(NIH) — An experimental therapeutic cancer vaccine induced two distinct and desirable immune system responses that led to significant tumor regression in mice, report investigators from the National Institute of Allergy and Infectious Diseases (NIAID), a part of the National Institutes of Health.
Dubbed “vax-innate” by the scientific team, the approach achieves an important goal in the quest for more effective immunotherapeutic vaccines for cancer.
The study demonstrates that intravenous vaccine delivery enables and enhances T-cell immunity by overcoming tumor-induced immunosuppressive activity.
The researchers say the vaccine might also be given intravenously to people who have already received tumor-specific T cells as a therapy.
The researchers found that intravenous administration of the vaccine boosted the number of cytotoxic T cells capable of infiltrating and attacking tumor cells and engaged the innate immune system by inducing type I interferon.
The innate immune response modified the tumor microenvironment, counteracting suppressive forces that otherwise would tamp down T-cell action.
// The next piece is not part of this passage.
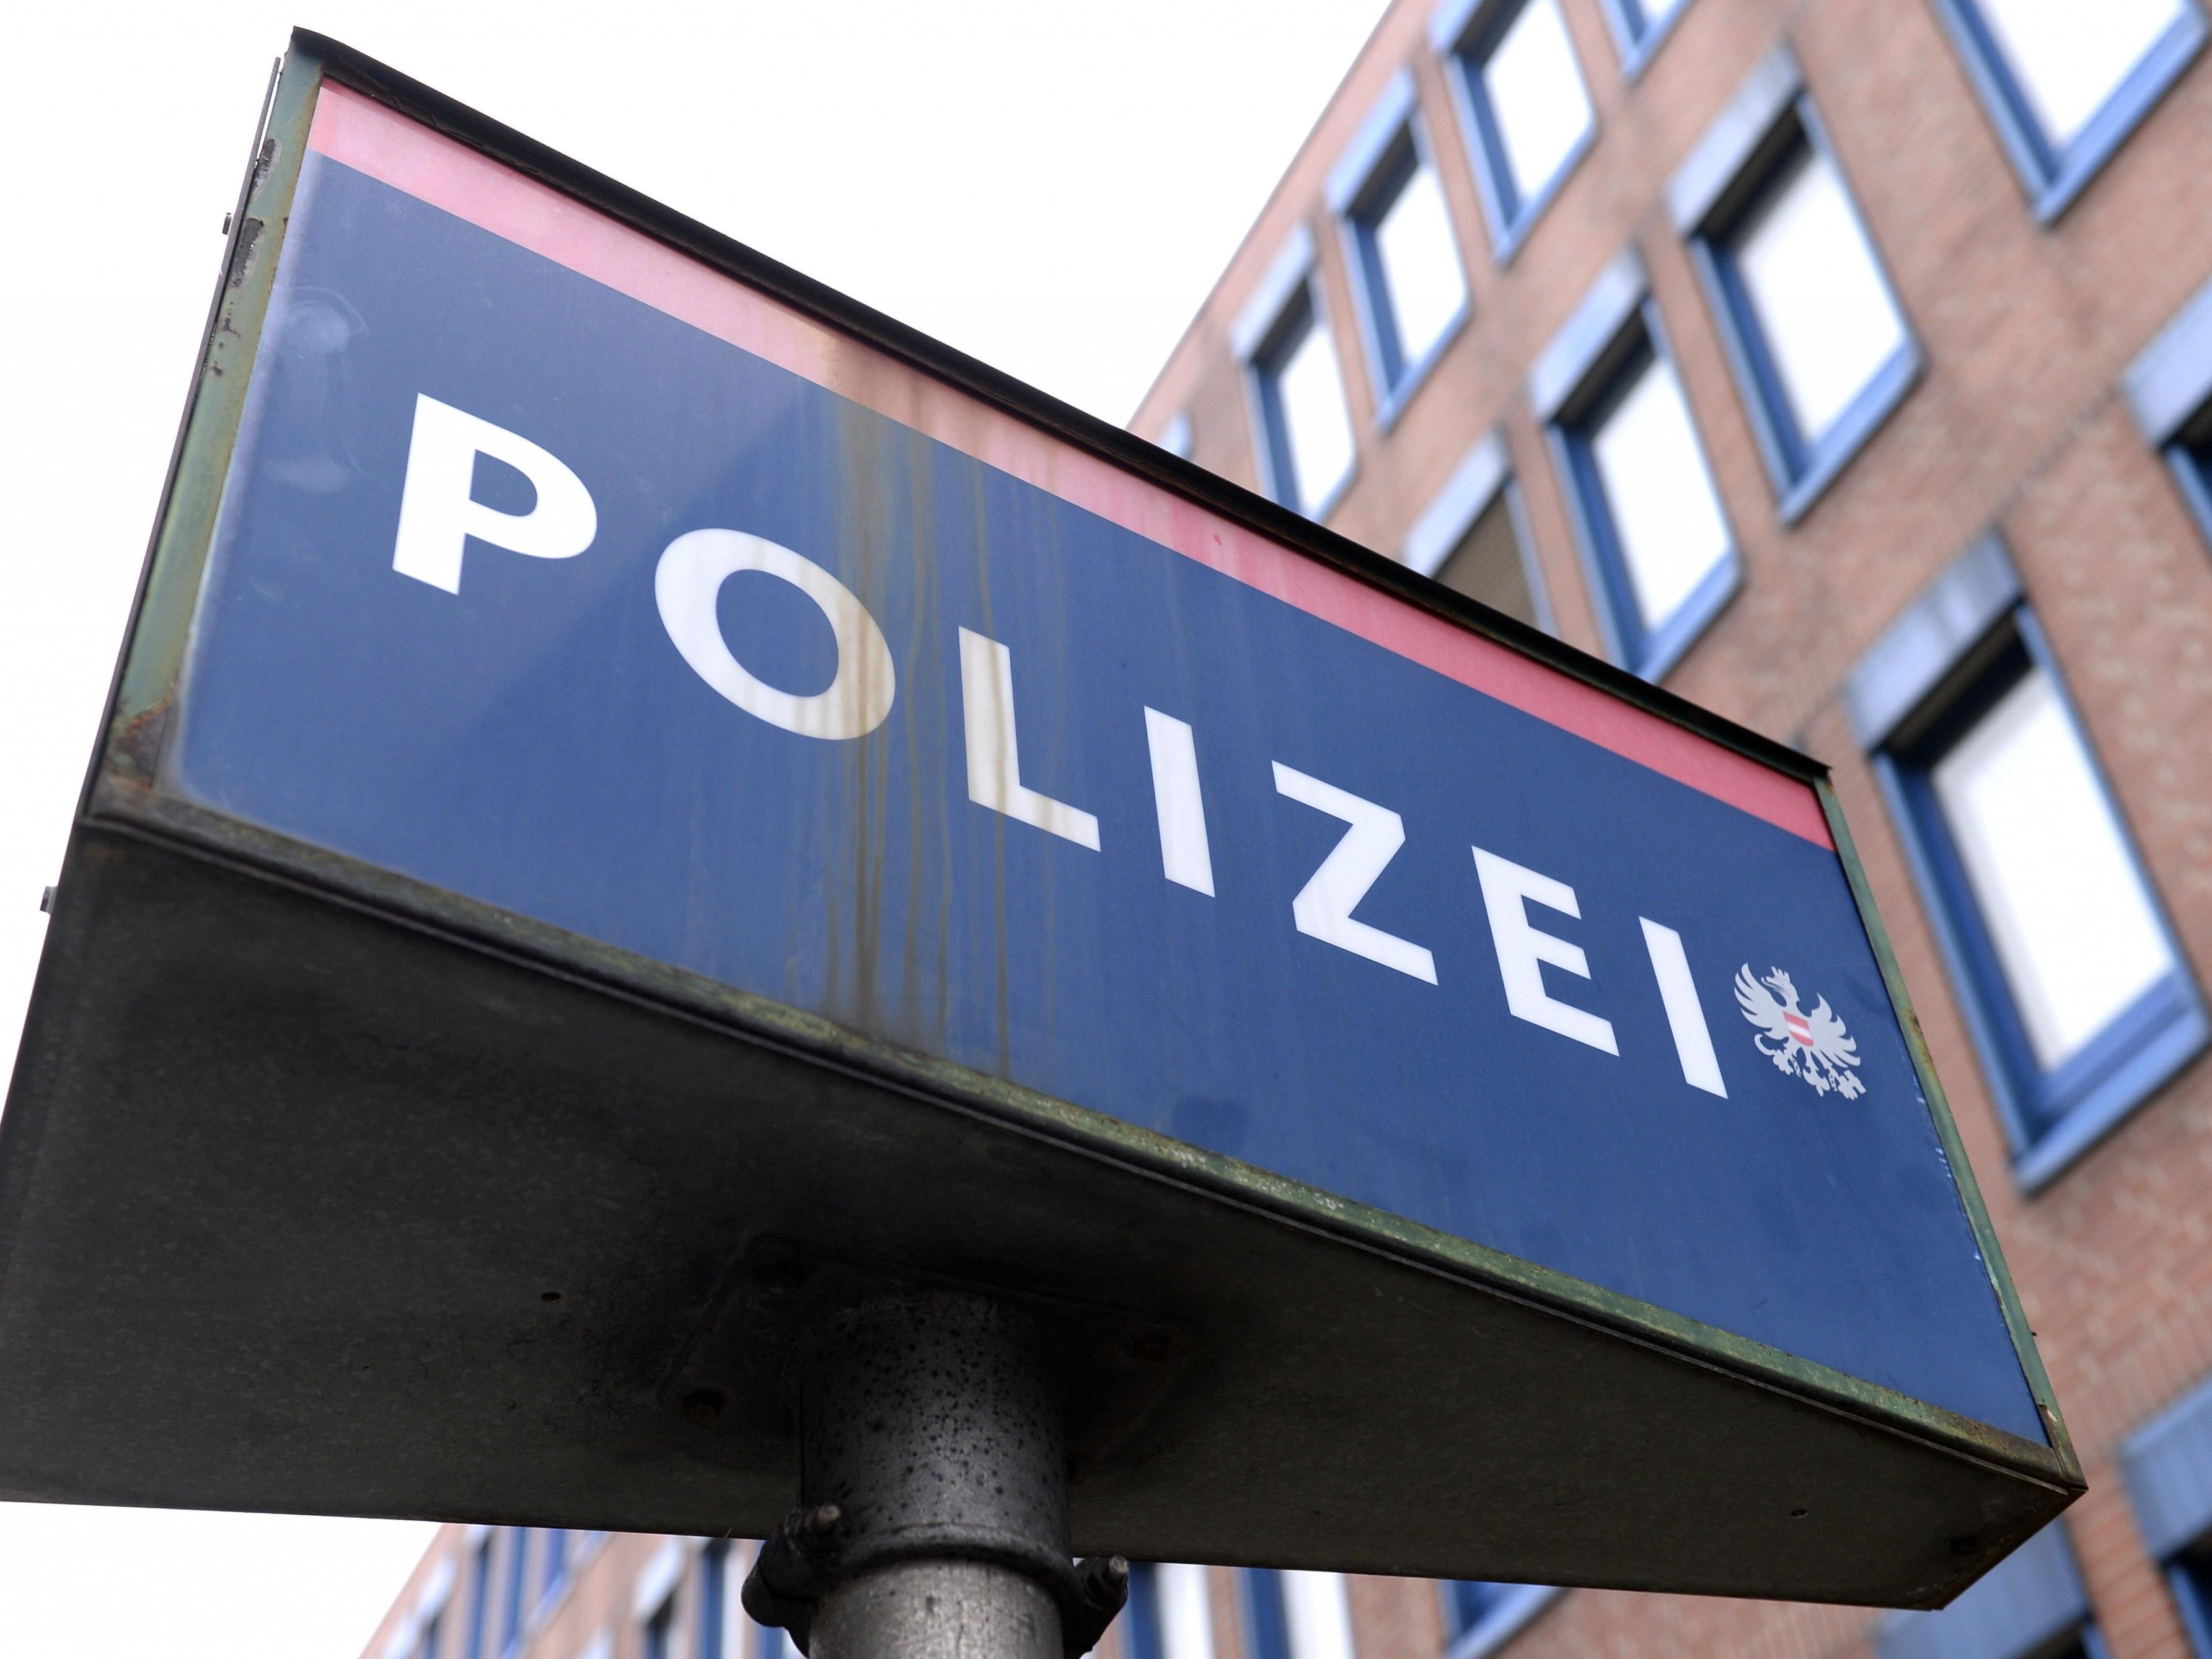 Der Polizei-Notruf war am Donnerstagvormittag in Wien stundenlang nicht erreichbar.

Modification of the tumor microenvironment was not seen in mice that received the vaccine via needle injection into the skin (subcutaneous administration).
The experimental vaccine, SNAPvax, was designed by Robert Seder, M.D., and colleagues at the NIAID Vaccine Research Center (VRC) together with collaborators from Vaccitech North America, a clinical-stage biopharmaceutical company in Baltimore, Maryland.
Vaccitech announced plans to advance the SNAPvax platform for use in treating human papilloma virus-associated cancer in 2023.